Another good one occurs in 1984, with Susan now cutting a swath through Hollywood as a TV producer.

In her office at It’s a Girl Productions, she and her story editor, Denise (Debra Eisenstadt), vainly try to persuade Heidi to help them create a sitcom about “a way-out painter, an uptight curator and a dilettante heiress.”

The tactless young Denise tells Heidi, “A lot of women your age are very unhappy, unfulfilled, frightened of growing old alone.”

Speaking for her generation, Heidi says, “I don’t think we made such big mistakes. And I don’t want to see three (sitcom) girls on the town who do.”

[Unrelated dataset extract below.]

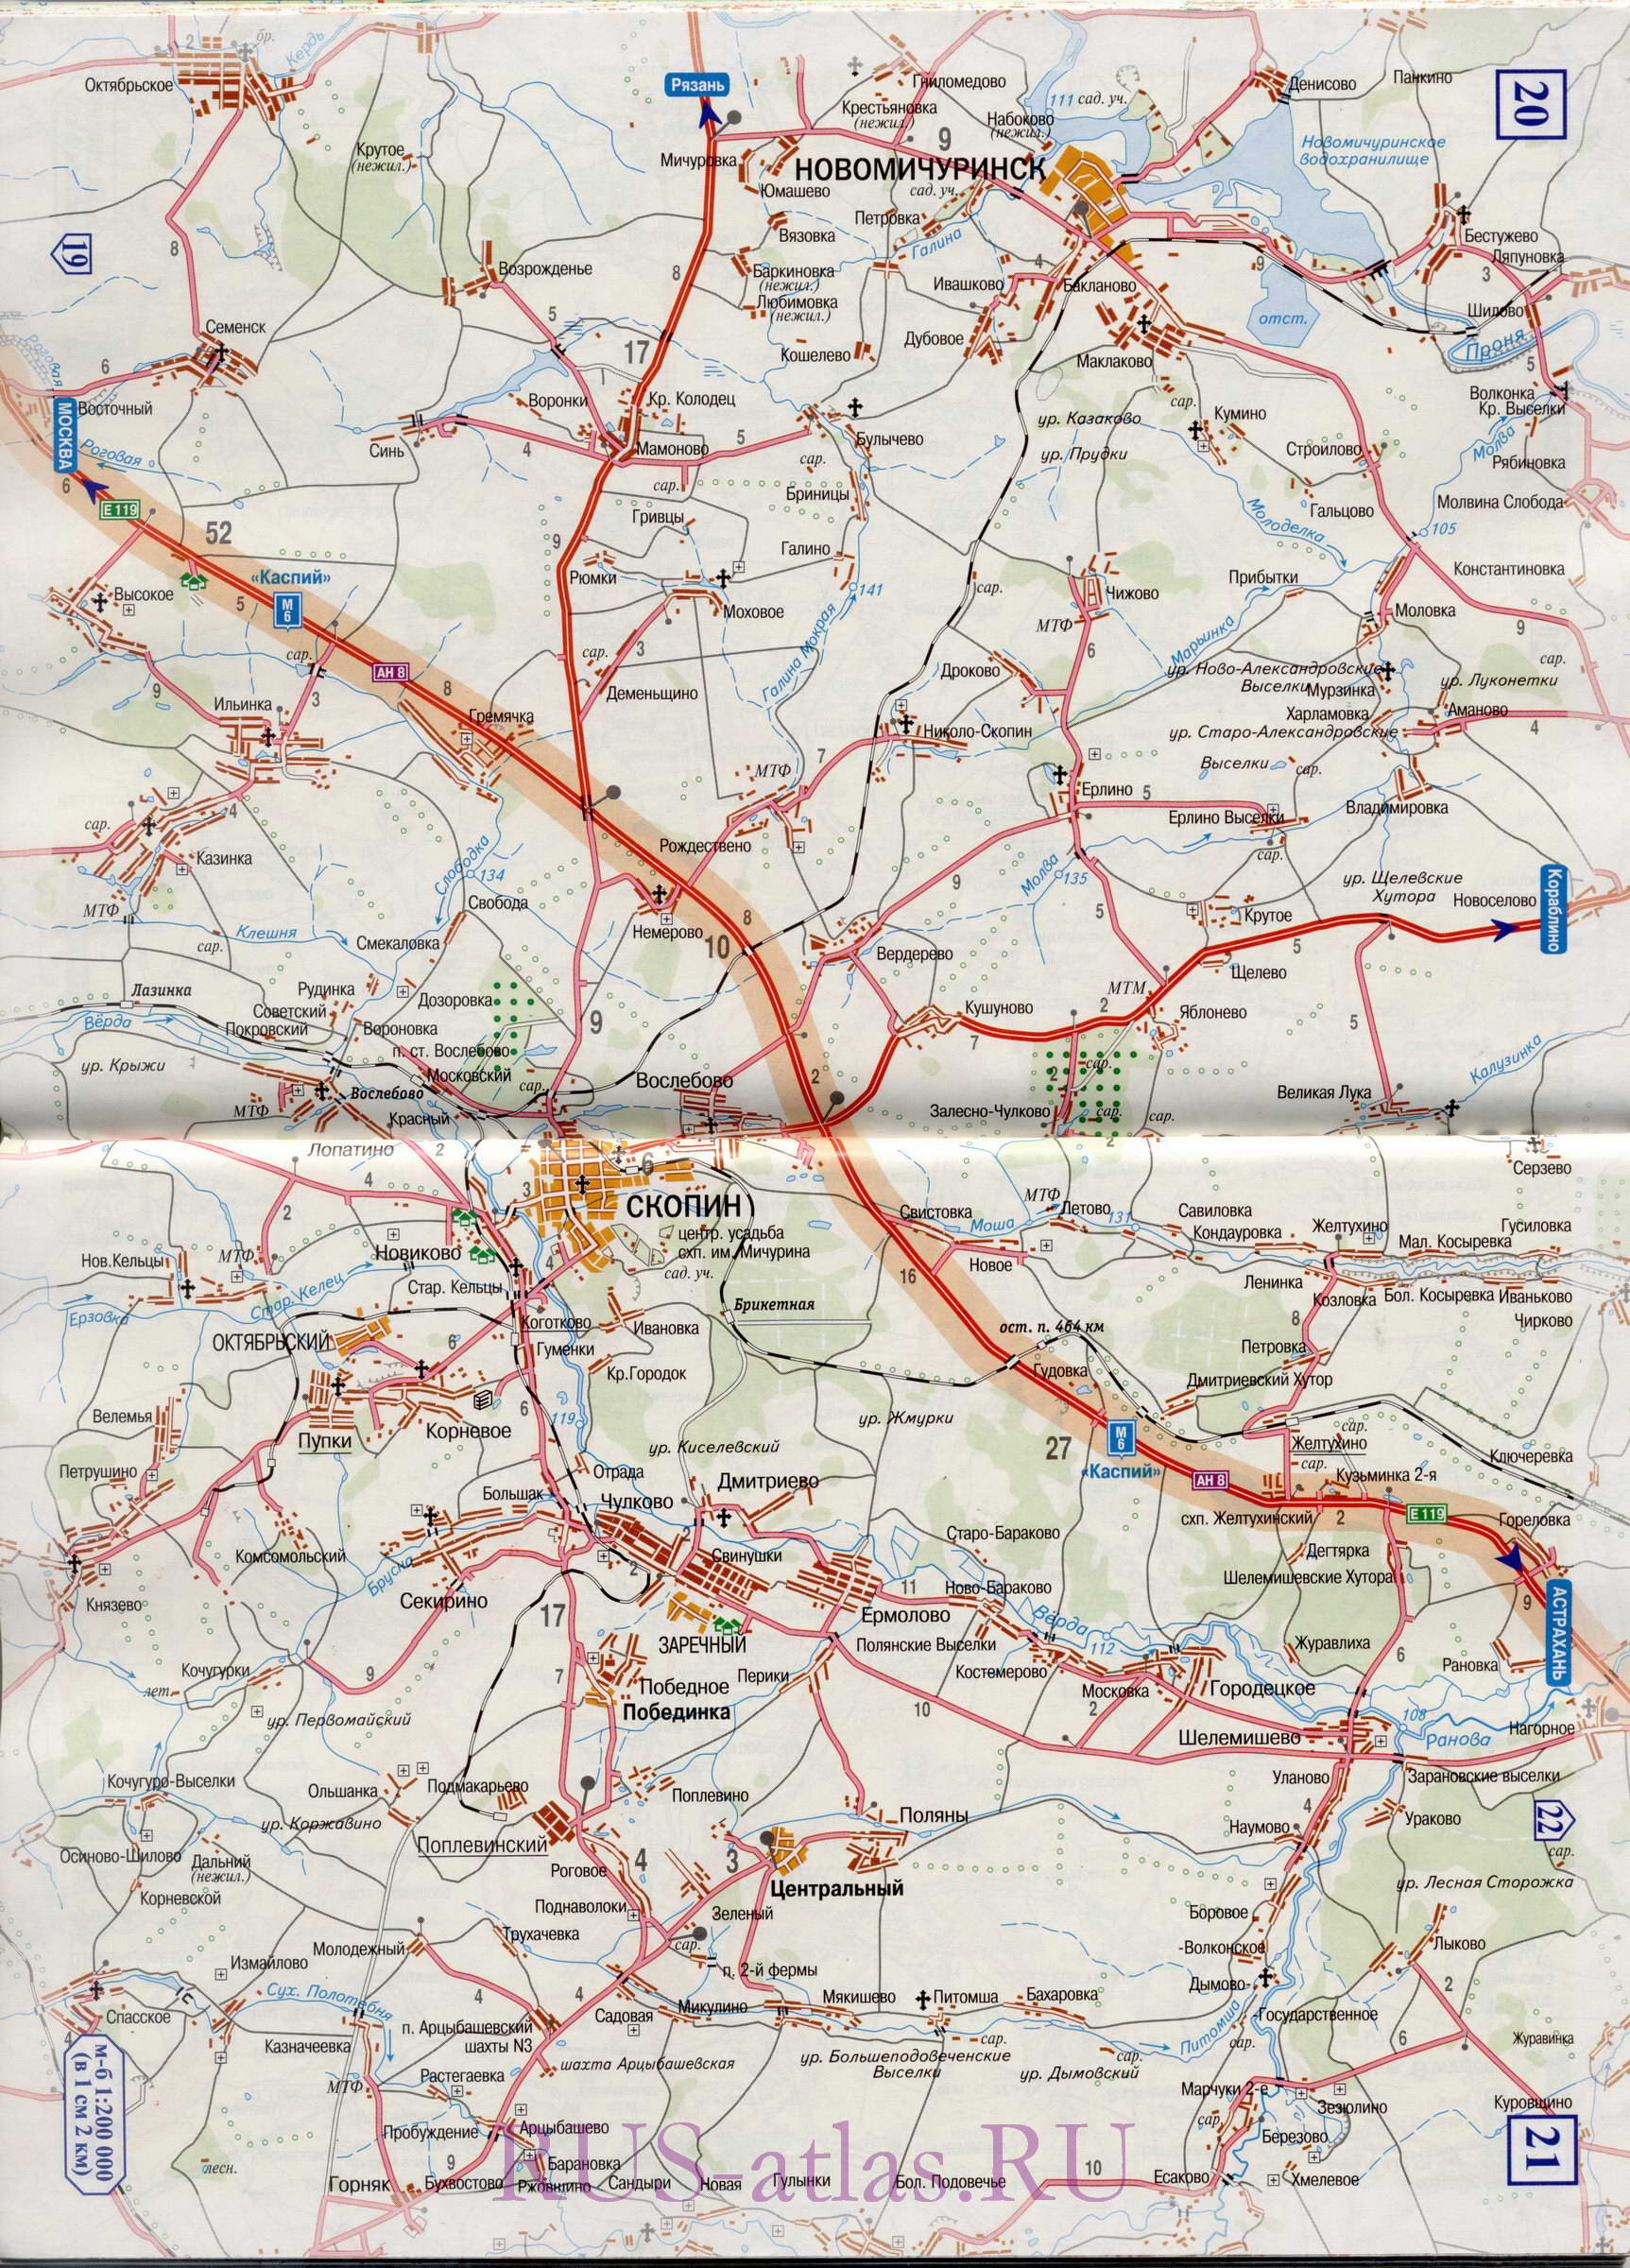 Карта дороги Михайлов-Тамбов. Подробная крупномасштабная карта автомобильной трассы М6 на участке от Михайлова до Тамбова, B0 -

Nevertheless, a certain sadness suffuses Heidi as she matures.

Unfortunately, the one weak scene in “The Heidi Chronicles” comes in 1986 when she attempts to explain her predicament in a speech to other former students at her high school. Practically the only clear sentence in this muddled oration is her saying, “I’m just not happy, and I’m afraid I haven’t been happy for some time.”

But perhaps it is asking too much for Wasserstein to explain every problem Heidi encounters. The feminist movement itself seems to be in something of a muddle lately, uncertain of what lines of march to follow through the waning years of this century.

If the movement’s thought leaders are themselves in quandary, has anyone the right to demand that a playwright make everything clear? Nobody ever asked Shakespeare to cure all the ills of Elizabethan society.